# Regulären Ausdruck negieren



## Michael... (11. Aug 2008)

Hallo,

ich bin auf der Suche nach Möglichkeiten reguläre Ausdrücke zu negieren.
Momentan probiere ich mit look-around assertions und habe hierzu zwei Fragen.
Der Ausdruck, der z.B. negiert werden soll ist z.B. *te.*st* (wird mehr oder weniger vom Benutzer so eingeben)

Frage 1: Mein momentaner Stand sieht so aus *(?!te).*|.*(?<!st)*, aber dazu müsste ich die Benutzereingabe parsen. Kann man das vereinfachen oder vielleicht ganz anders schreiben - ohne zu parsen?

Frage 2: Warum mag Java bei der look behind assertion .* innerhalb und am Ende des Suchausdrucks nicht?
(?<!(.*test)) geht
(?<!(te.*st)) geht nicht
(?<!(te.{0, 10000}st)) geht, ist aber nicht astrein


----------



## Kim Stebel (11. Aug 2008)

darf man fragen was du damit eigentlich machen willst? der ansatz scheint mir schon sehr umständlich


----------



## Ark (11. Aug 2008)

Kann man nicht einfach den ursprünglichen Ausdruck nehmen und im Falle, dass die Zeichenkette passt, gerade das Gegenteil tun?

Ark


----------



## Michael... (12. Aug 2008)

Im wesentlichen will ich damit über Datensätze filtern, ähnlich dem benutzerdefinierten Filter in Excel und Co.

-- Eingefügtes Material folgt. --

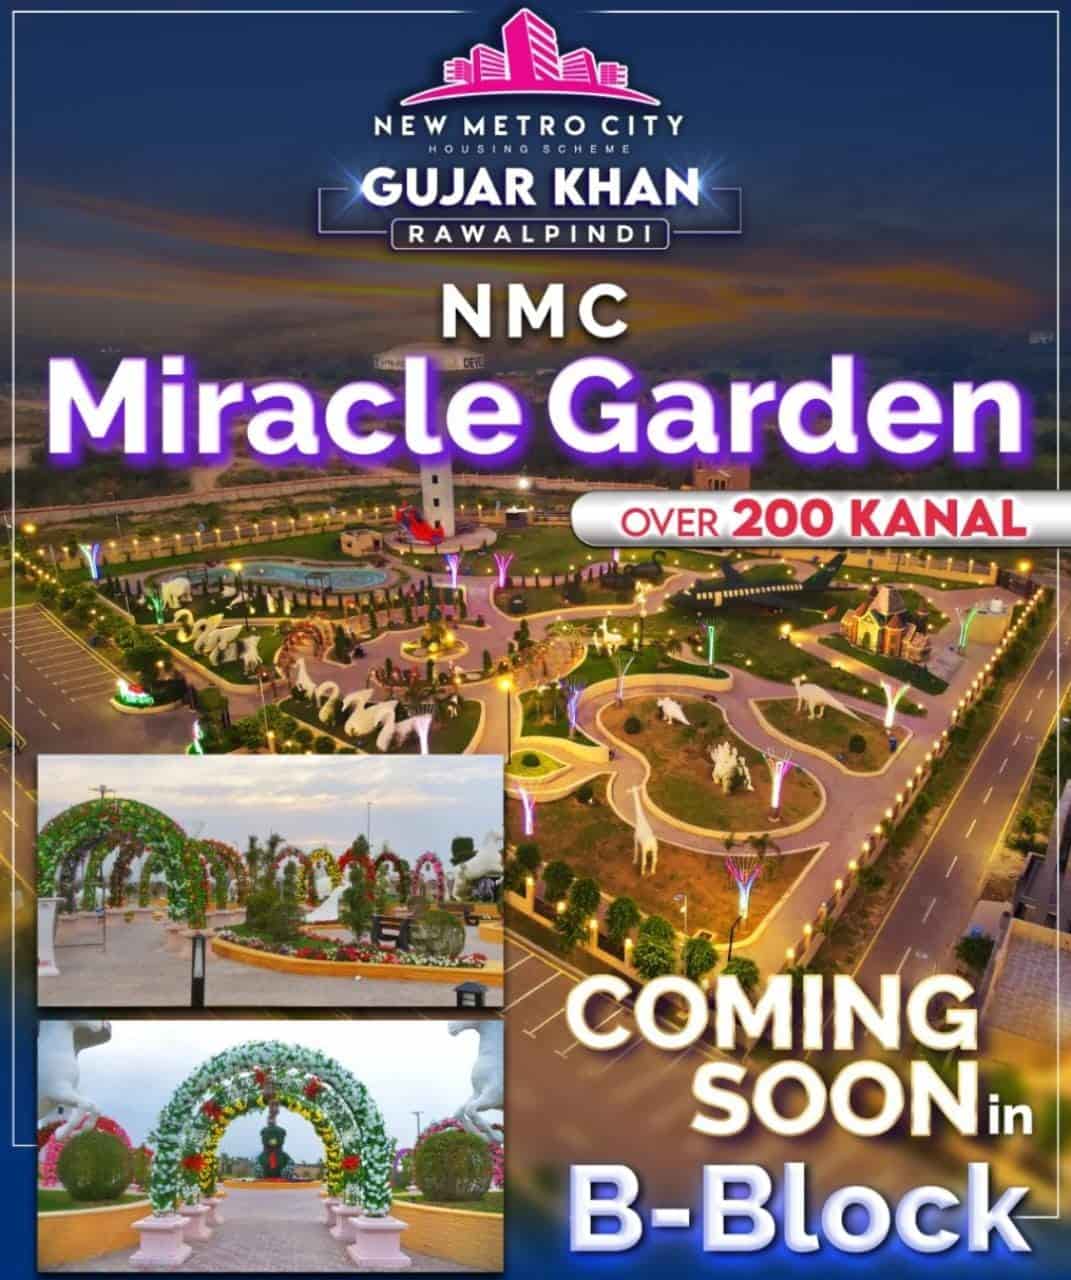 new metro city gujar khan nmc miracle garden
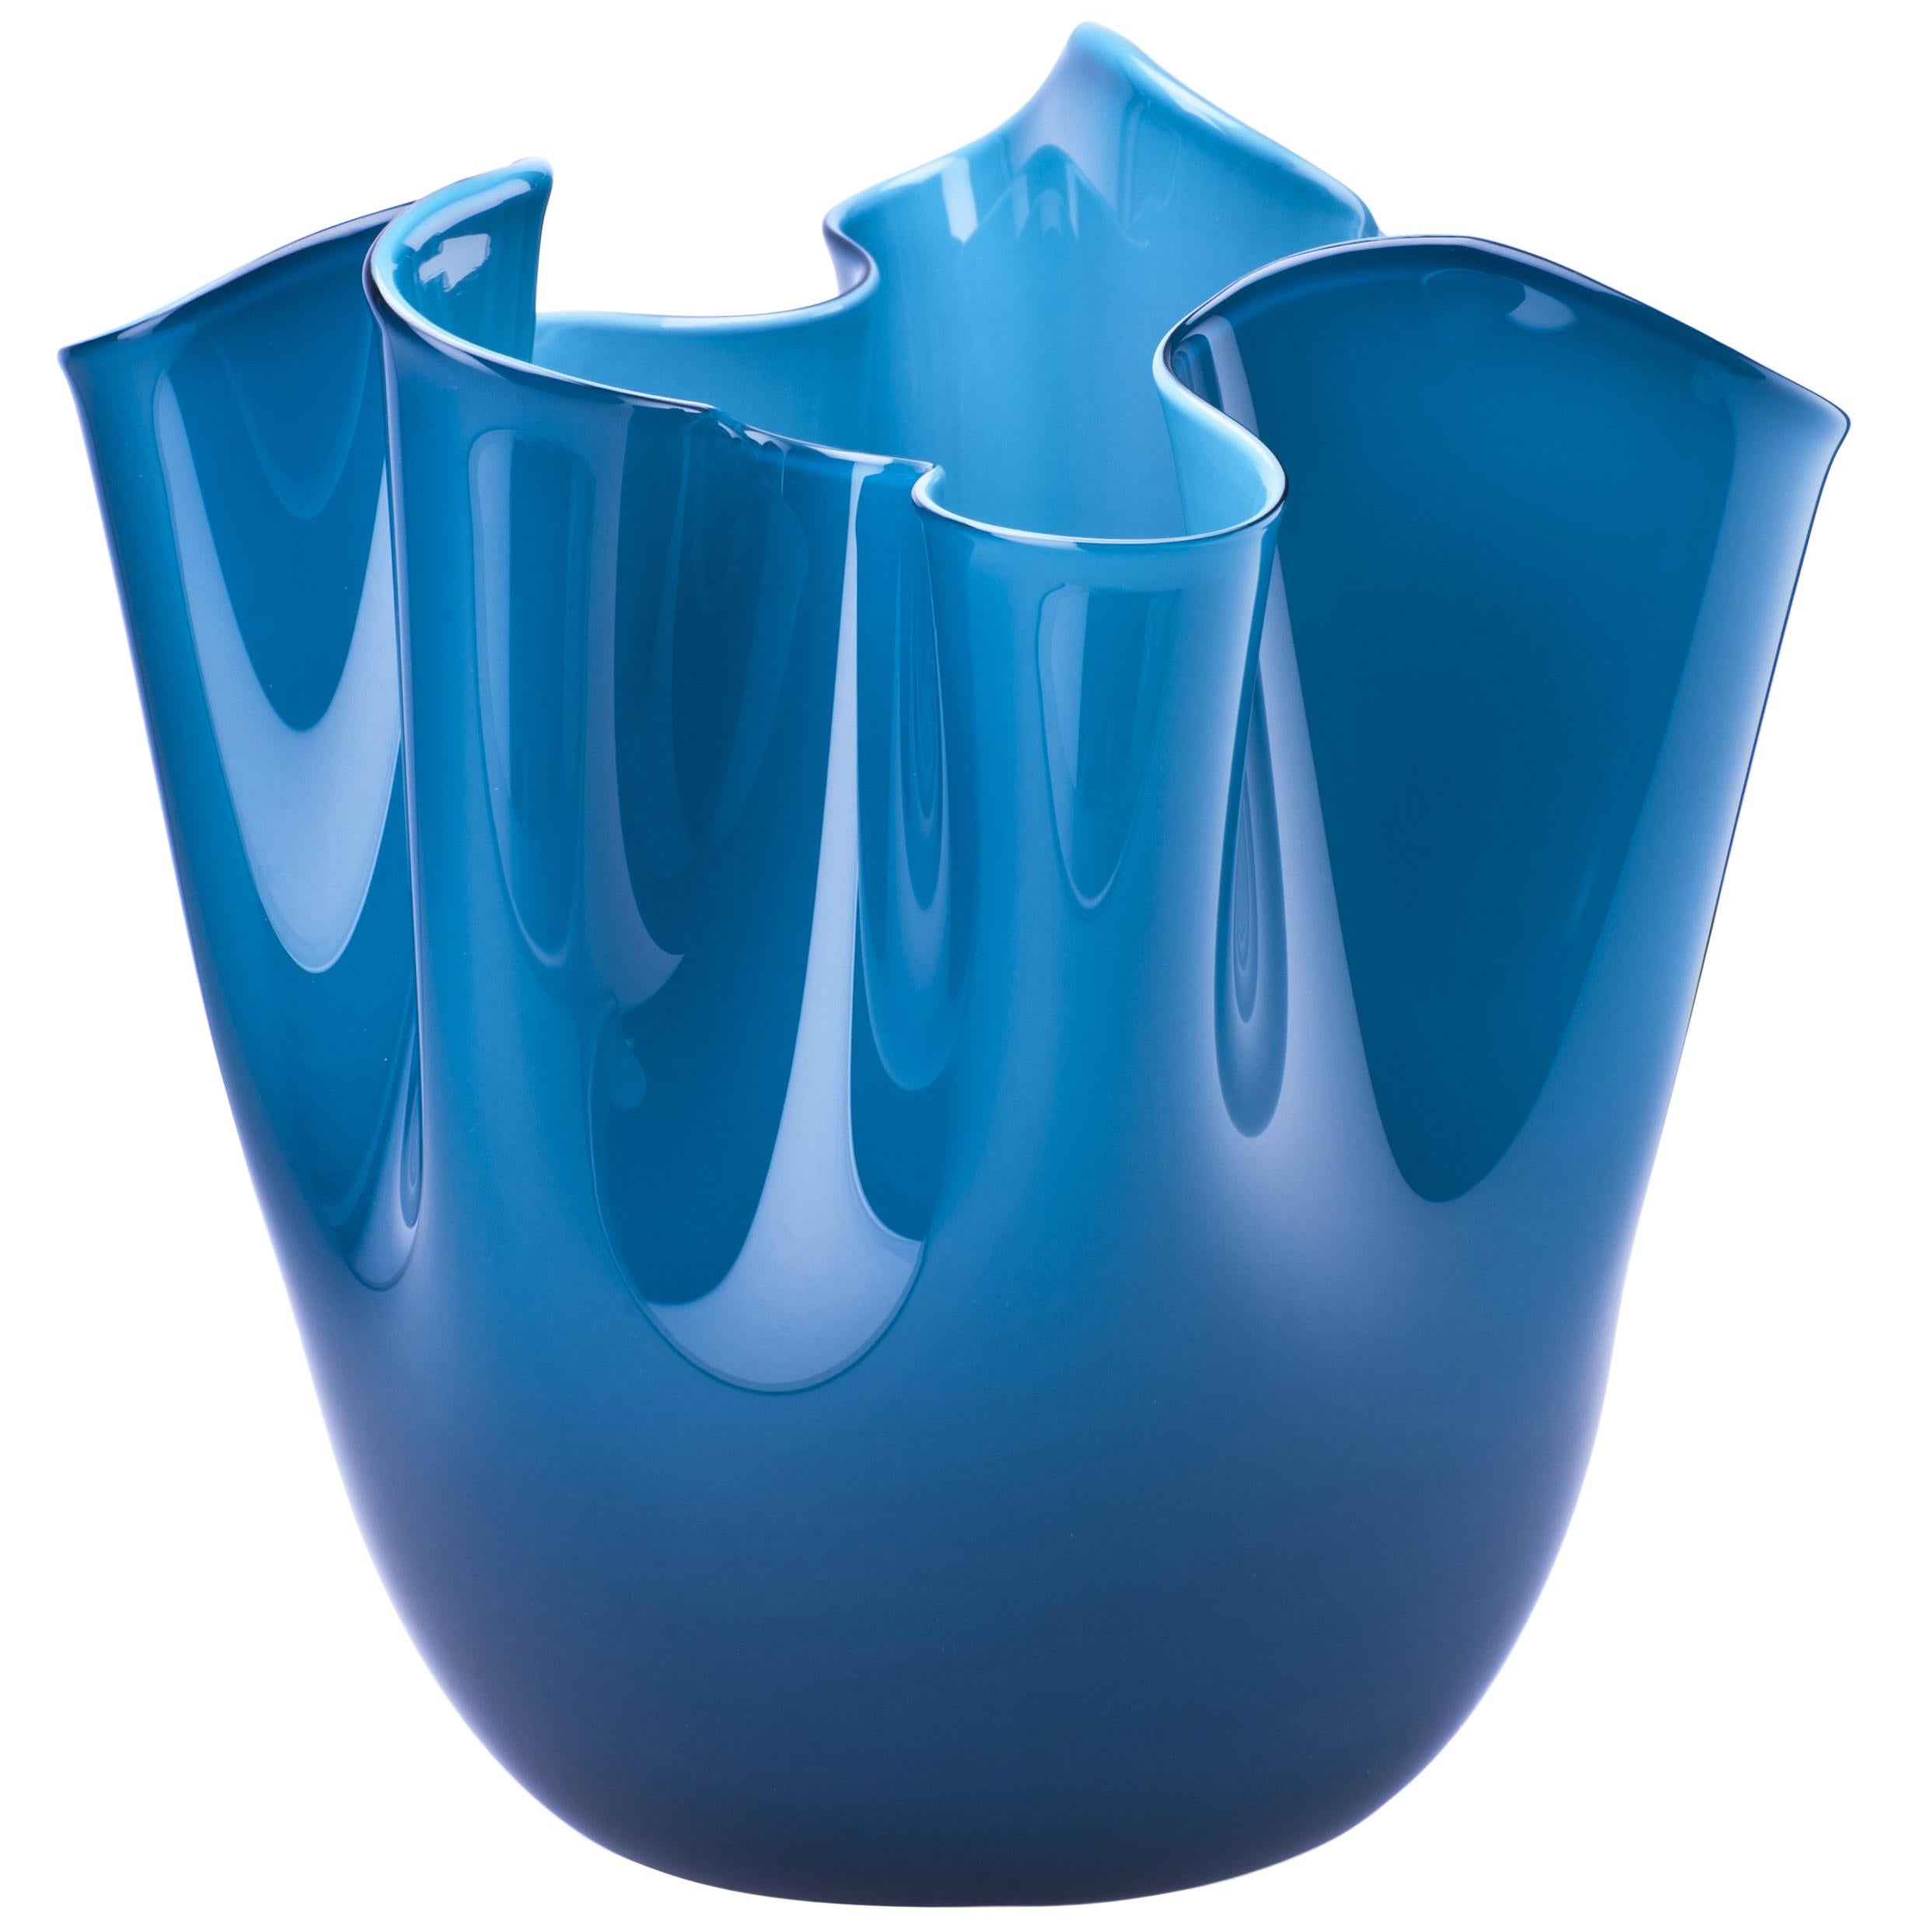 Fazzoletto Glass Vase in Horizon & Aquamarine by Fulvio Bianconi & Paolo Venini

Da man in dem Filter mehrere "positive" und "negative" Ausdrücke miteinander komibieren kann, bin ich eben auf der Suche nach einfachen Möglichkeiten reguläre Ausdrücke zu negieren. Bisher hatte ich diese Kombinationsmöglichkeit nicht und habe bei negativen Ausdrücken mittels des positiven gefiltert und dann eben das "Gegenteil getan". Ich habe mir auch schon überlegt die einzelnen Ausrücke nacheinander auf die Datensätze anzuwenden, allerdings würde ich gerne nur einmal ein gesamten Filterkriterium übergeben.


----------



## Kim Stebel (12. Aug 2008)

das bestätigt meine vermutung: unnötig umständlich.
mir ist nicht mal klar ob reguläre ausdrücke, wie sie in java verwendet werden (also mit backtracking etc), unter negation geschlossen sind.


----------



## Ariol (12. Aug 2008)

Keine Ahnung obs dir was bringt, aber...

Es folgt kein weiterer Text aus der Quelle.